ACTIVITY: The lines from the one containing "3D curtains for kids" through the last line below, both ends included, must be reproduced exactly, with no pictures.

PROVIDED MATERIAL:
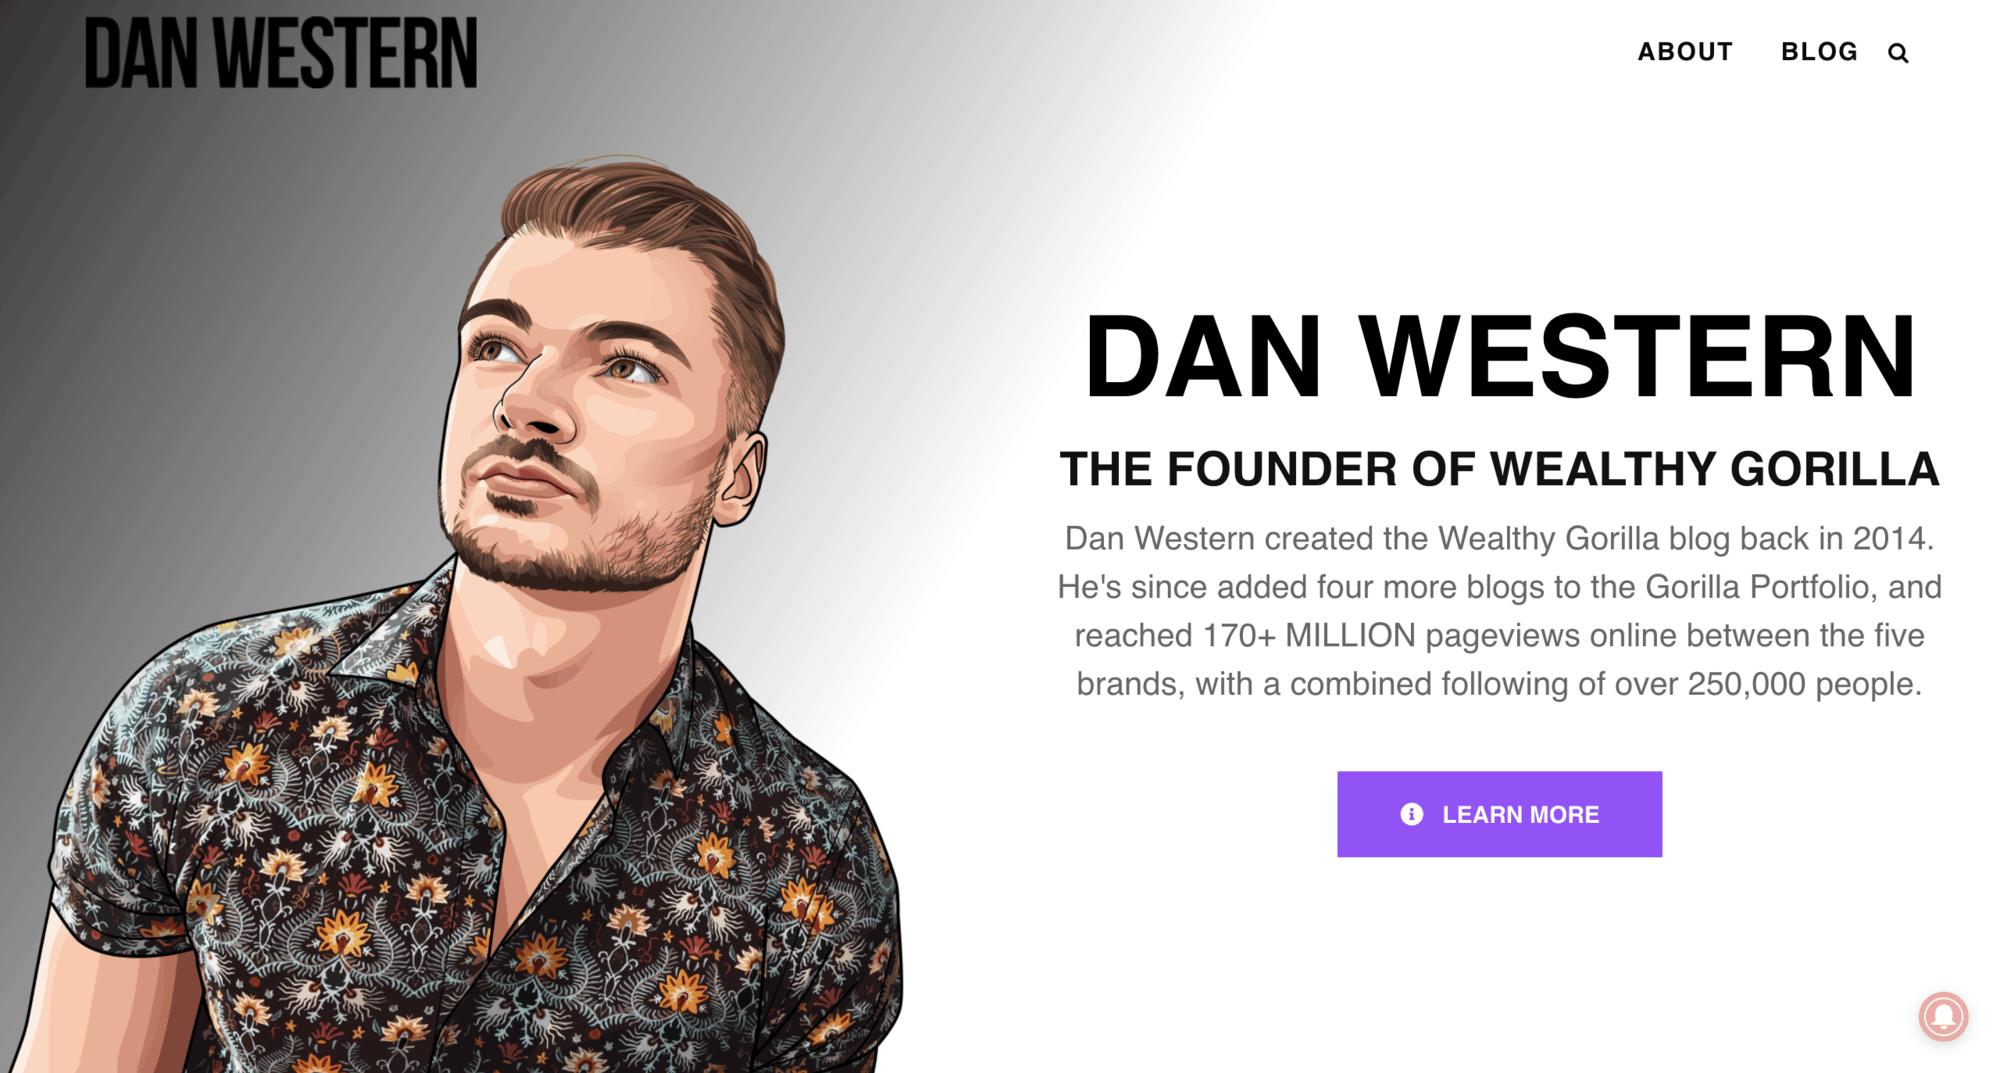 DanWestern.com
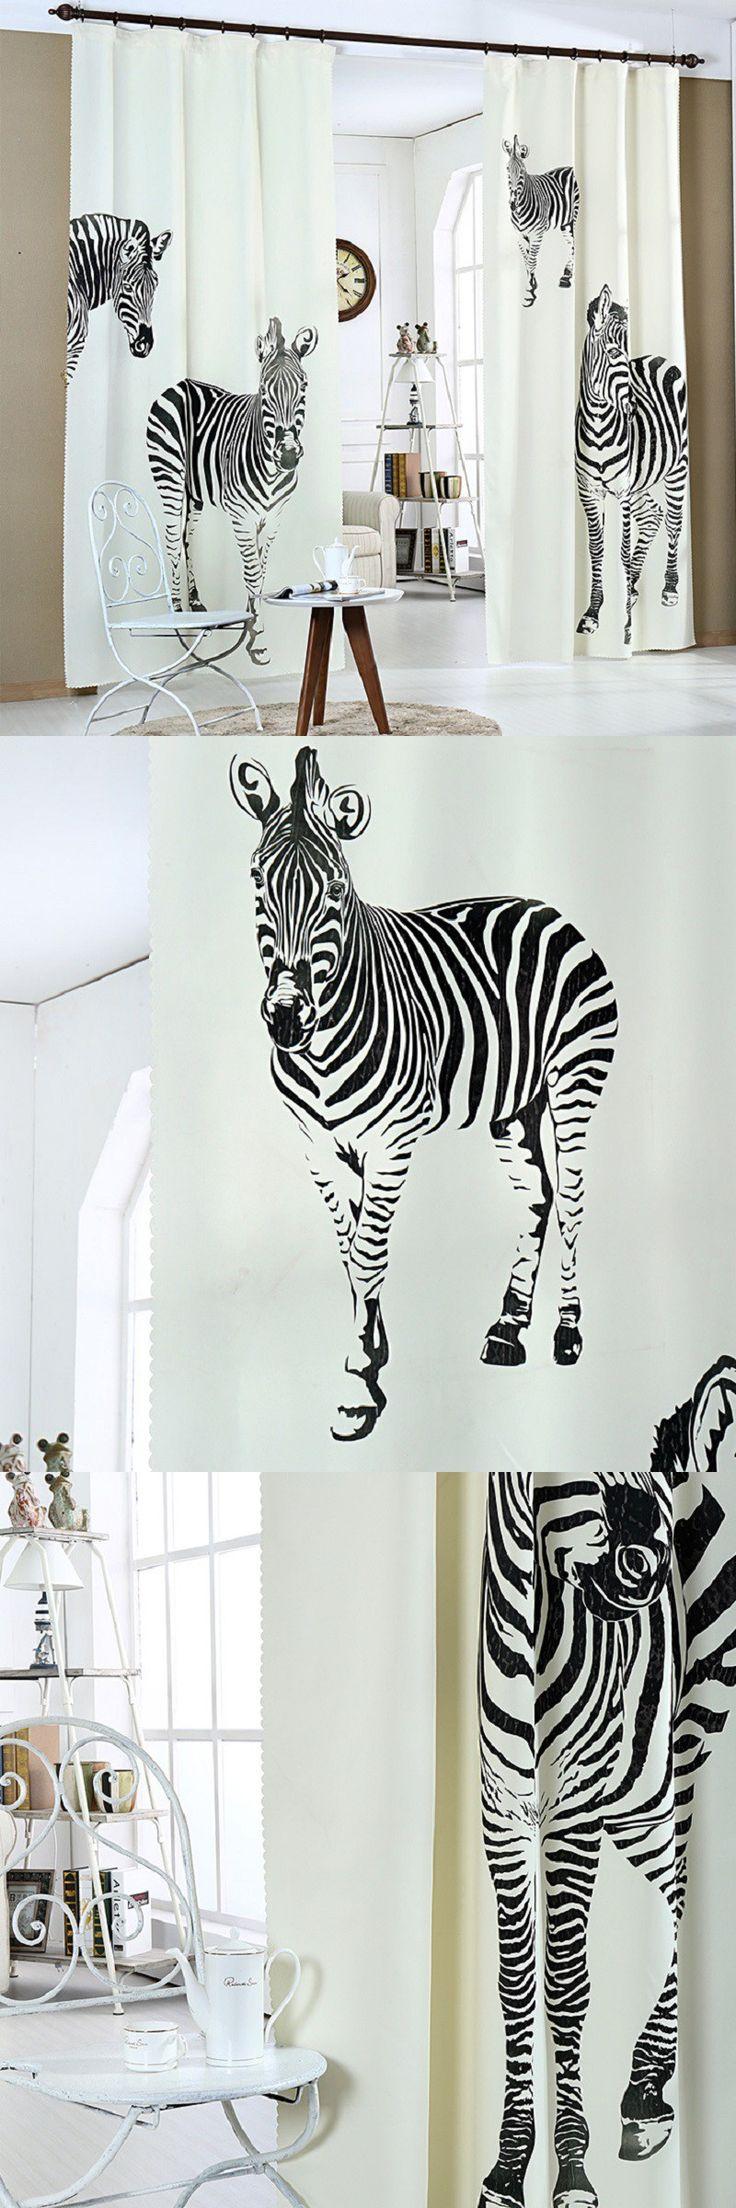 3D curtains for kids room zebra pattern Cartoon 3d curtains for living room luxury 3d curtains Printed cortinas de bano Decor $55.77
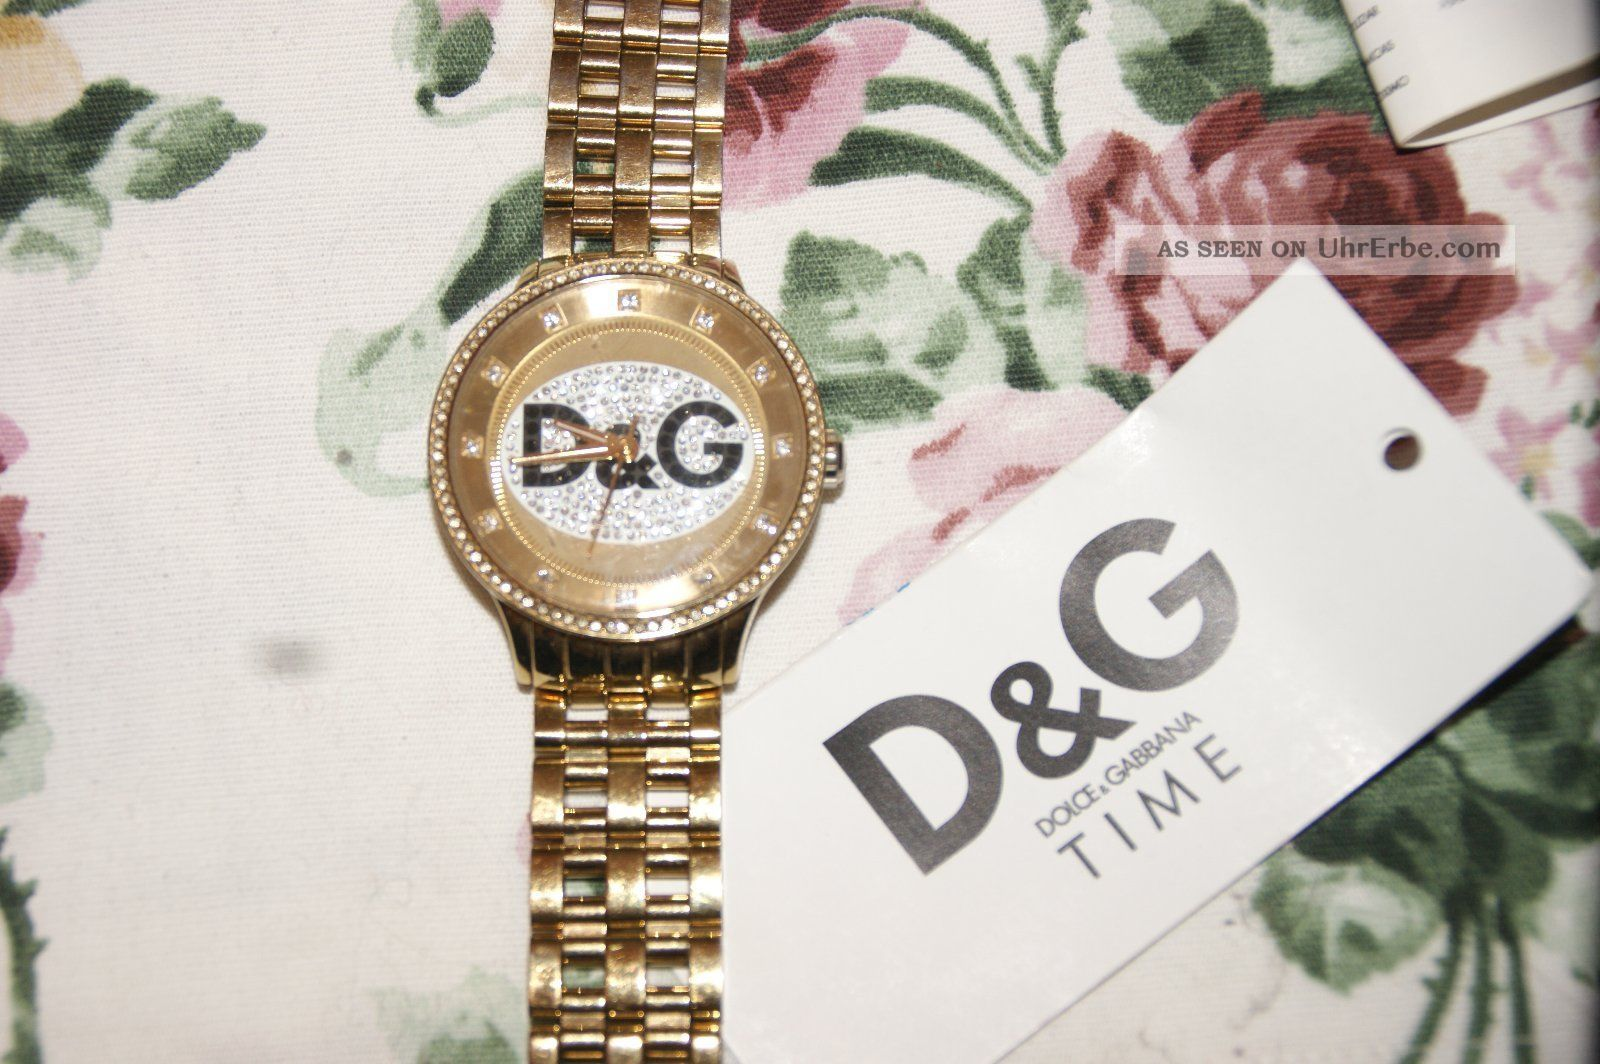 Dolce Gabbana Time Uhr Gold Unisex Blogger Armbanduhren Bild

TASK RESULT:
 3D curtains for kids room zebra pattern Cartoon 3d curtains for living room luxury 3d curtains Printed cortinas de bano Decor $55.77
 Dolce Gabbana Time Uhr Gold Unisex Blogger Armbanduhren Bild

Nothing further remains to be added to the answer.